## WHAT THE TASK REQUIRES
Please give back the listing exactly, without any of its pictures.

## DATA SHOWN

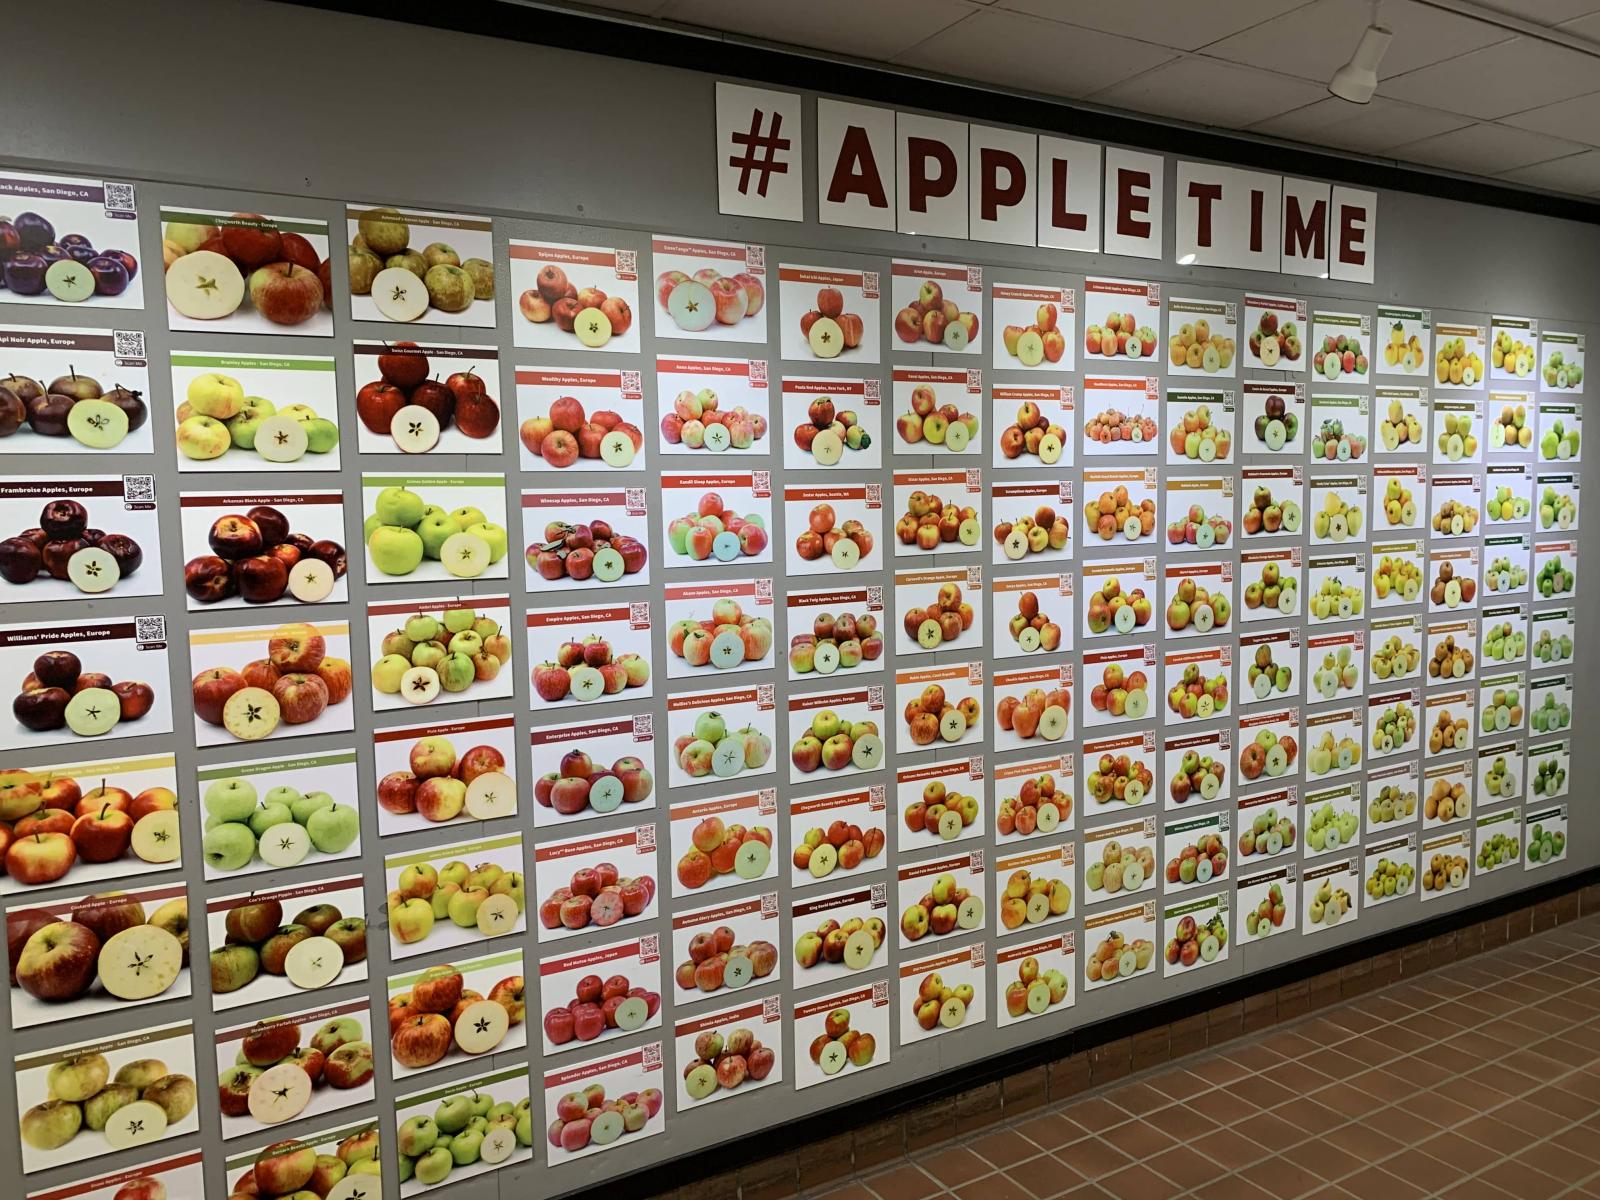 display of various apples
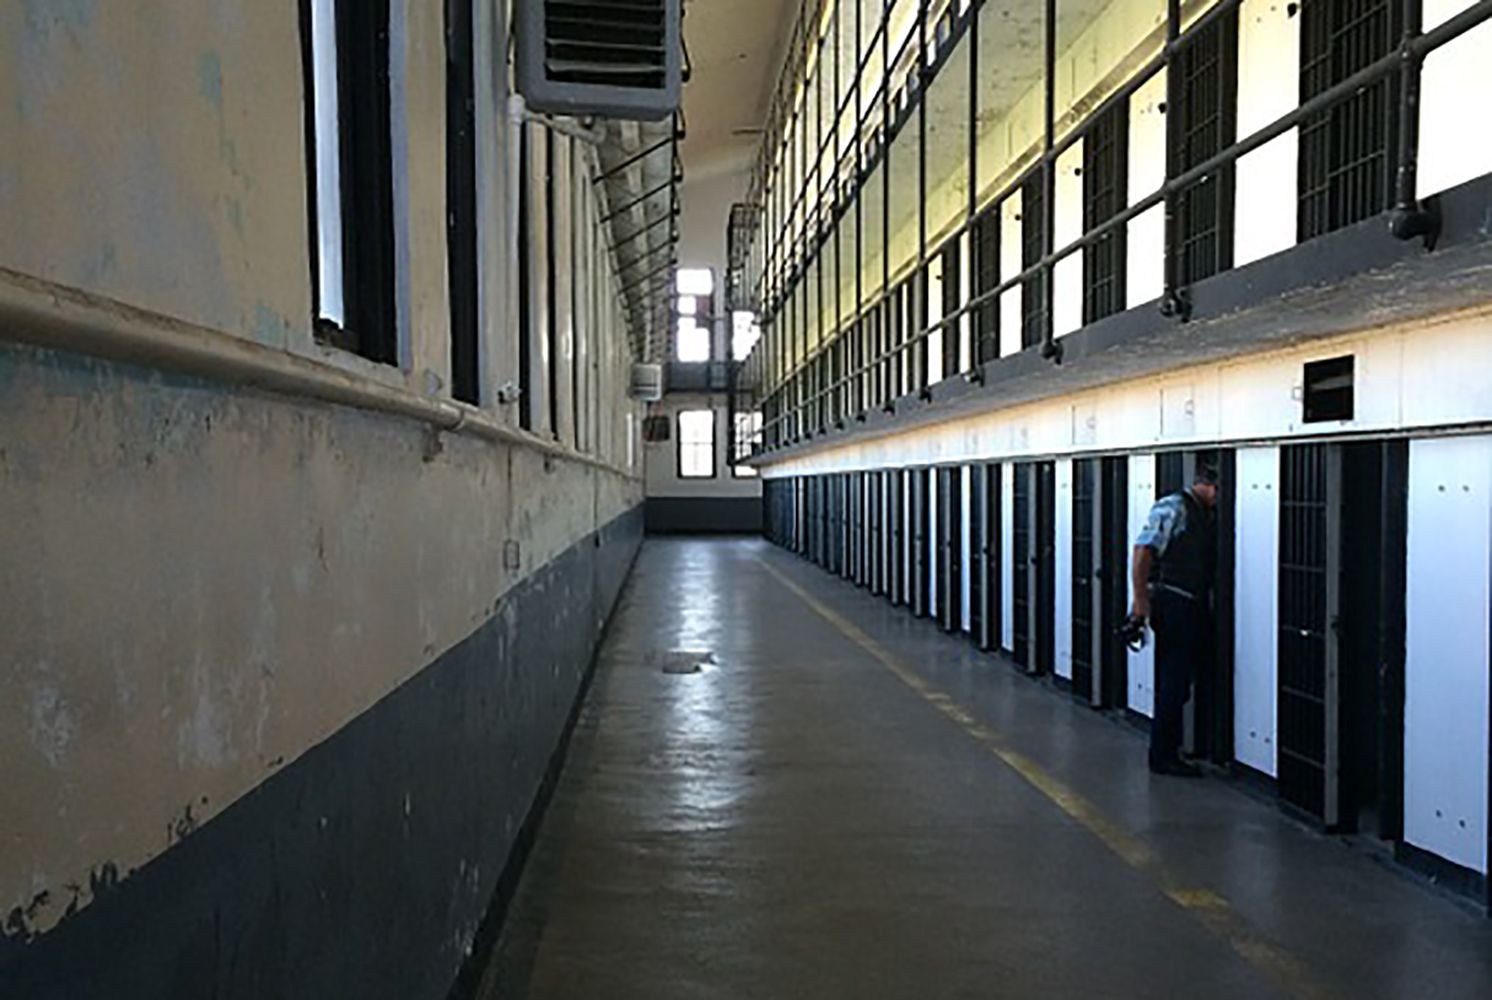 Prisión Brians 1 - Pixbay
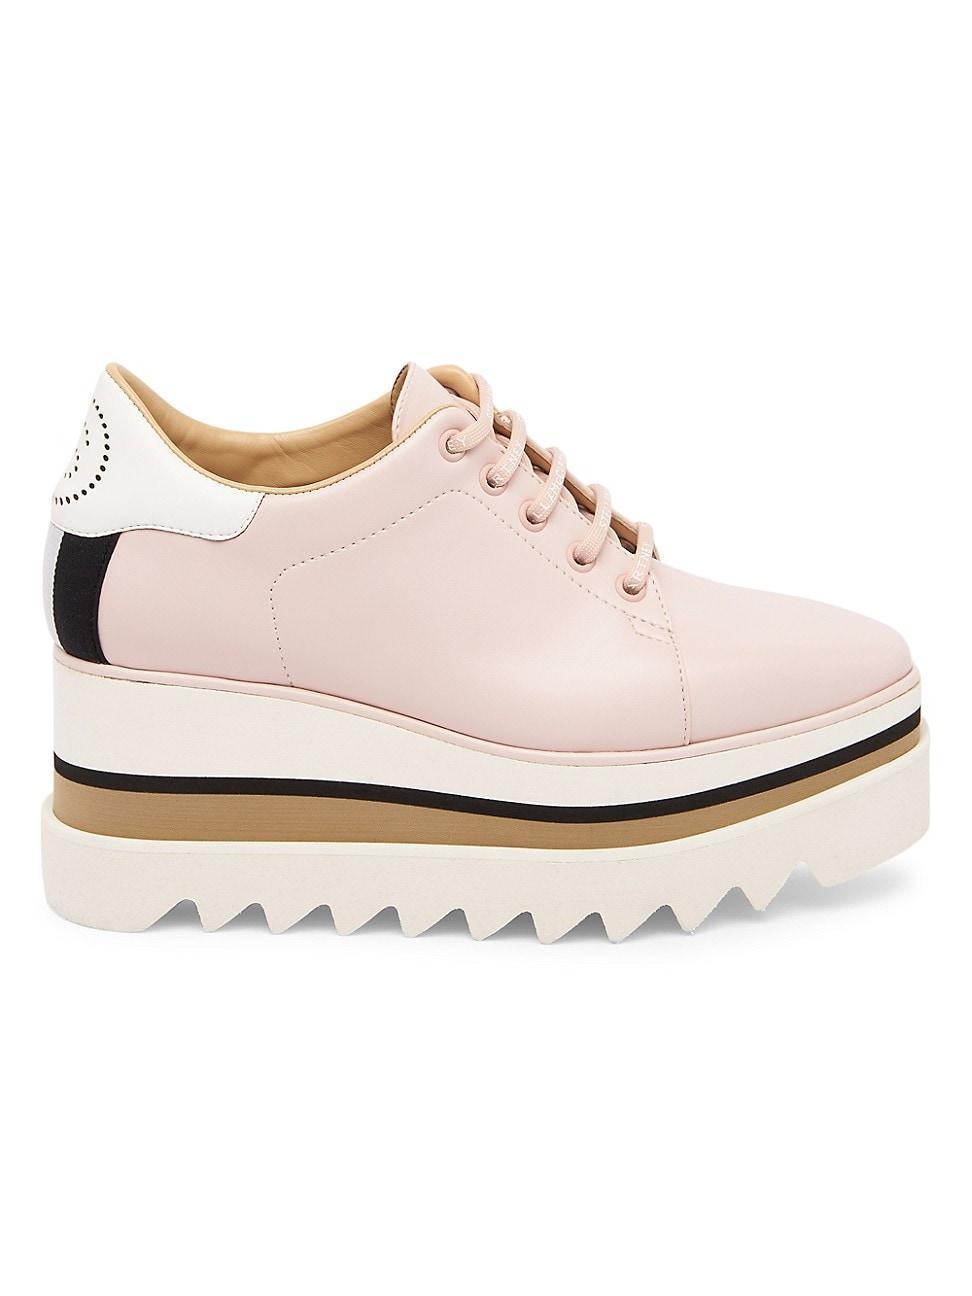 Stella McCartney Sneak-Elyse Platform Wedge Sneaker Product Image

## THE ANSWER
 display of various apples
 Prisión Brians 1 - Pixbay
 Stella McCartney Sneak-Elyse Platform Wedge Sneaker Product Image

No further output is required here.